Para otros, en cambio, cataclismos como los de Enron, WorldCom o Andersen no van a borrarse con una expedición militar porque, como cree William Pfaff, “son el resultado de una mutación patológica del capitalismo”. Desde este punto de vista, el modelo capitalista actualmente en uso es un invento reciente: “No es el sistema que creó la moderna economía industrial ni la prosperidad de Occidente.” En Estados Unidos y en países que adoptaron el modelo norteamericano de negocios impera un ‘capitalismo de gerentes’, que desplazó a lo que el francés André Orléan llamó el ‘capitalismo de los dueños’ de las compañías.
Hoy las empresas suelen estar en manos de fondos de inversión, cobertura o jubilatorios, que no actúan como los patrones tradicionales. “Su único interés es el retorno de la inversión –indica Pfaff–, y es éste el criterio con que juzgan a la gerencia profesional de cada compañía.” Pero los escándalos que se suceden desde 2001 revelan que los altos ejecutivos pasaron a manejar las empresas en función de sus propios intereses, en complicidad con contadores y auditores.

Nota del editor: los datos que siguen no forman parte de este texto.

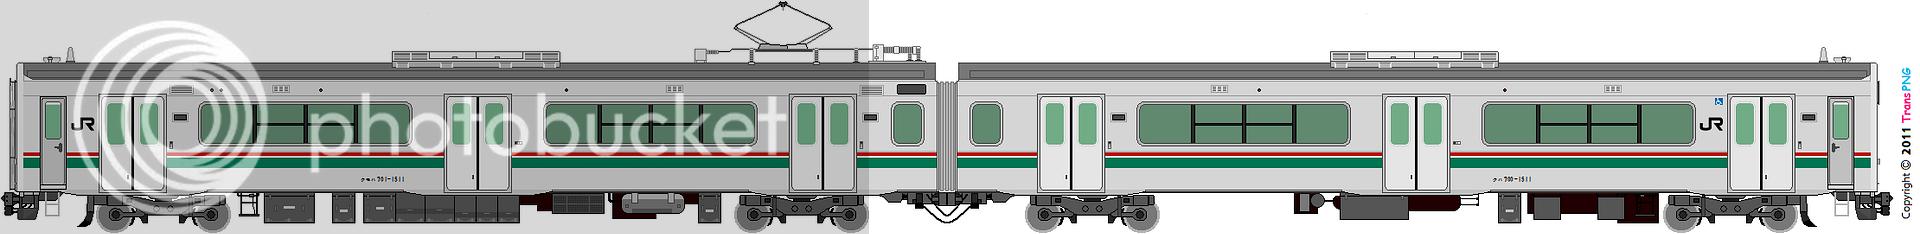 Train 2267

“A esos gerentes –escribe Pfaff– les eran indiferentes los intereses de largo plazo de sus compañías, optando por obtener ventajas de corto plazo, aunque fueran perjudiciales o hasta ruinosas para esas empresas. Su estrategia parece haber sido salirse a tiempo, con una fortuna adquirida a costa de los accionistas y los empleados.” Así planteada, la actitud no difiere mayormente de la adoptada respecto de países como la Argentina: sacar todo el jugo posible y escapar antes del hundimiento. La globalización financiera, tal cual viene funcionando, también parece revelar una “mutación patológica”.
En el caso argentino, el dinero también provino de fondos de inversión, cobertura o jubilatorios de Estados Unidos y otros países centrales, pero no hubo “gerentes” que los estafaran mediante maniobras contables para fabricar burbujas corporativas. Tratándose de un país, la gestión estuvo en manos de los sucesivos gobiernos, con sus miembros electos y sus cuadros técnicos, algunos (pocos o muchos) de los cuales incurrieron en aquella complicidad de la que se acusa a contadores y auditores en los desaguisados empresarios. En todo caso, a diferencia de una empresa, un país no desaparece: sigue adelante, aunque solo queden escombros. Pfaff concluye que el capitalismo de los propietarios falló en la práctica porque la propiedad se atomizó de tal modo a través de la Bolsa que dejó de haber un dueño responsable. Ese vacío fue explotado por los gerentes para convertir a las compañías en mecanismos para su enriquecimiento personal. “Esto es moralmente inaceptable –condena–, pero es también una corrupción del capitalismo mismo y de la sociedad en la cual funciona.” Degeneración que no parece haberse limitado al espacio interior de la economía estadounidense.